In my opinion, one of the greatest feature of Symfony is it’s internal organization around HTTP: its kernel “handles” HTTP requests and “returns” HTTP responses (see the documentation about this). This pattern is one of the core principle of the framework, and it brings tons of advantages.

One of these advantages is the possibility to achieve reliable and fast functional testing, by emulating requests and checking responses directly in PHP. This ease of testing is something often overlooked, but it shouldn’t: it’s a crucial feature to create maintainable, quality applications. Creating unit and functional tests in an application should be as easy and as fast as possible and one of the roles of a framework is to help you on this level.

Having reliable and fast automated tests is extremely important:

  • Developers are more inclined to run them often to check the application, letting them detect issues early, and the earliest they catch an issue the less it costs to the project
  • It incentivises developers to take care of the test suite, by not letting it rot and by trying to improve its coverage on every feature

  • It increases productivity, by limiting the amount of time spent checking continuous integrations processes, allowing faster reviews and faster merges.

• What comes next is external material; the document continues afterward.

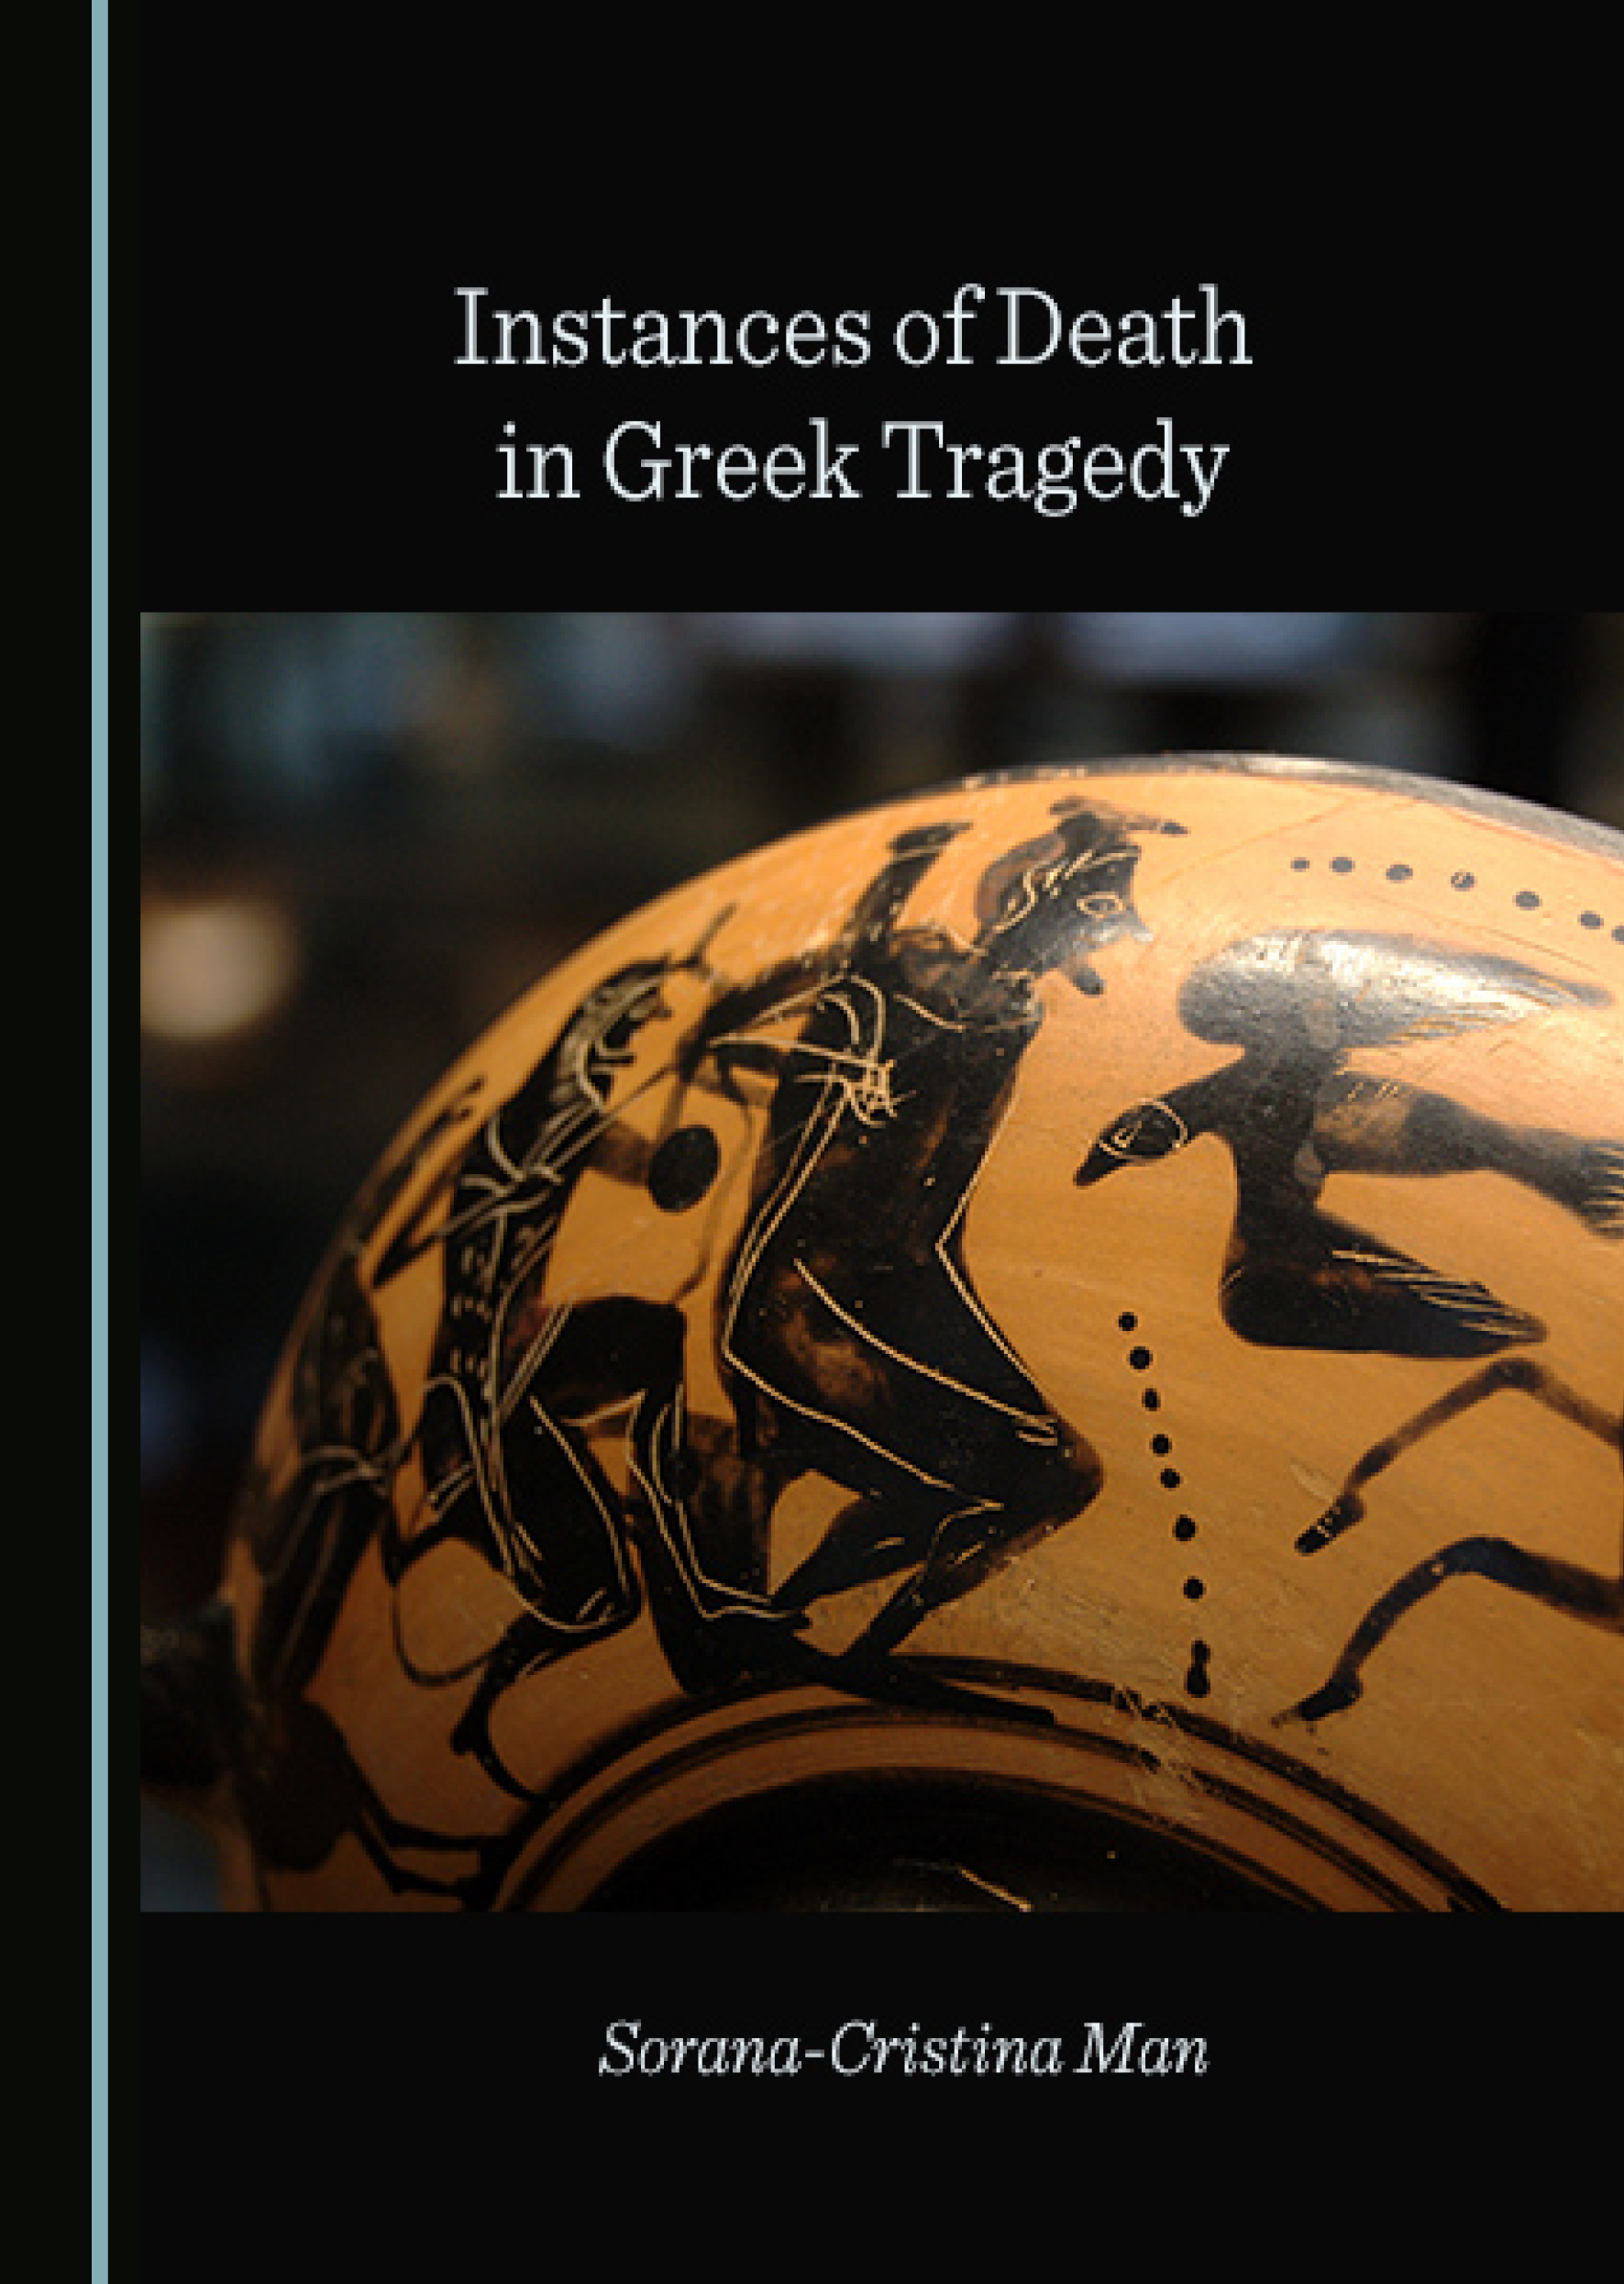 Instances of Death in Greek Tragedy
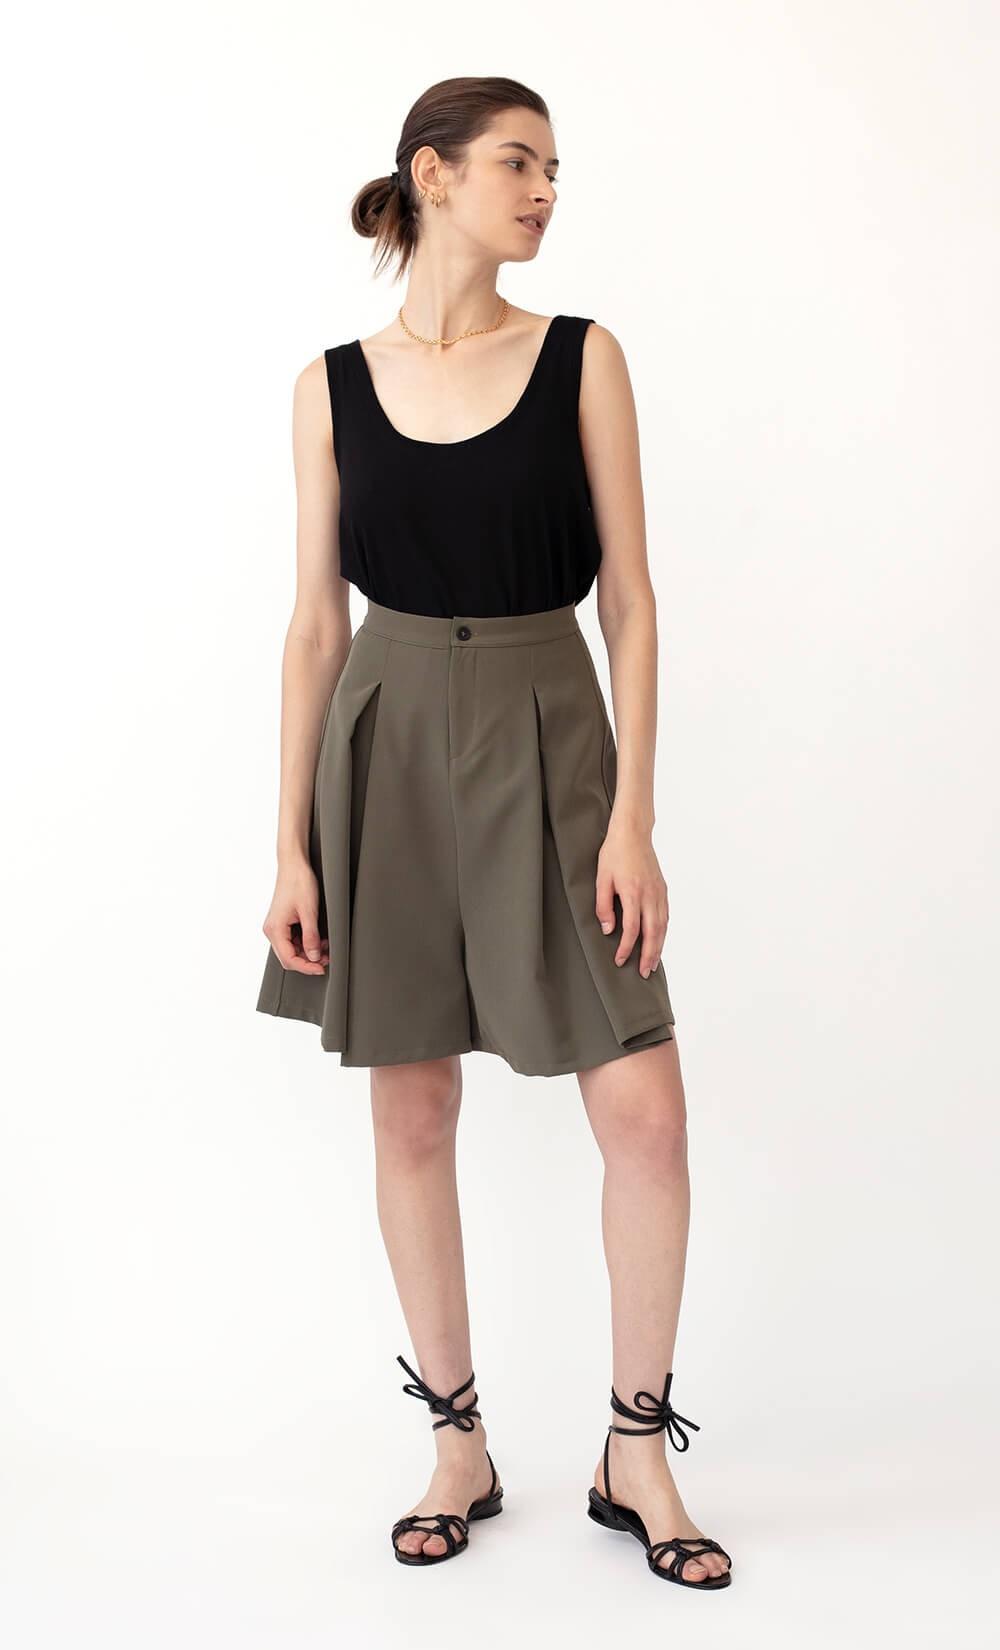 Gaucho Short Pants

However, even in Symfony, your test suite can become slow or unreliable over time. In this article I would like to propose some ideas and tools to increase the speed and reliability of your Symfony test suite with Doctrine.

Reliability

Reliability is the notion of being able to run your tests suite multiple times without having a test succeeding or failing only certain times. Having a reliable test suite means that you are certain a failure in one of your tests is linked to your code and not to the stability of the test suite itself.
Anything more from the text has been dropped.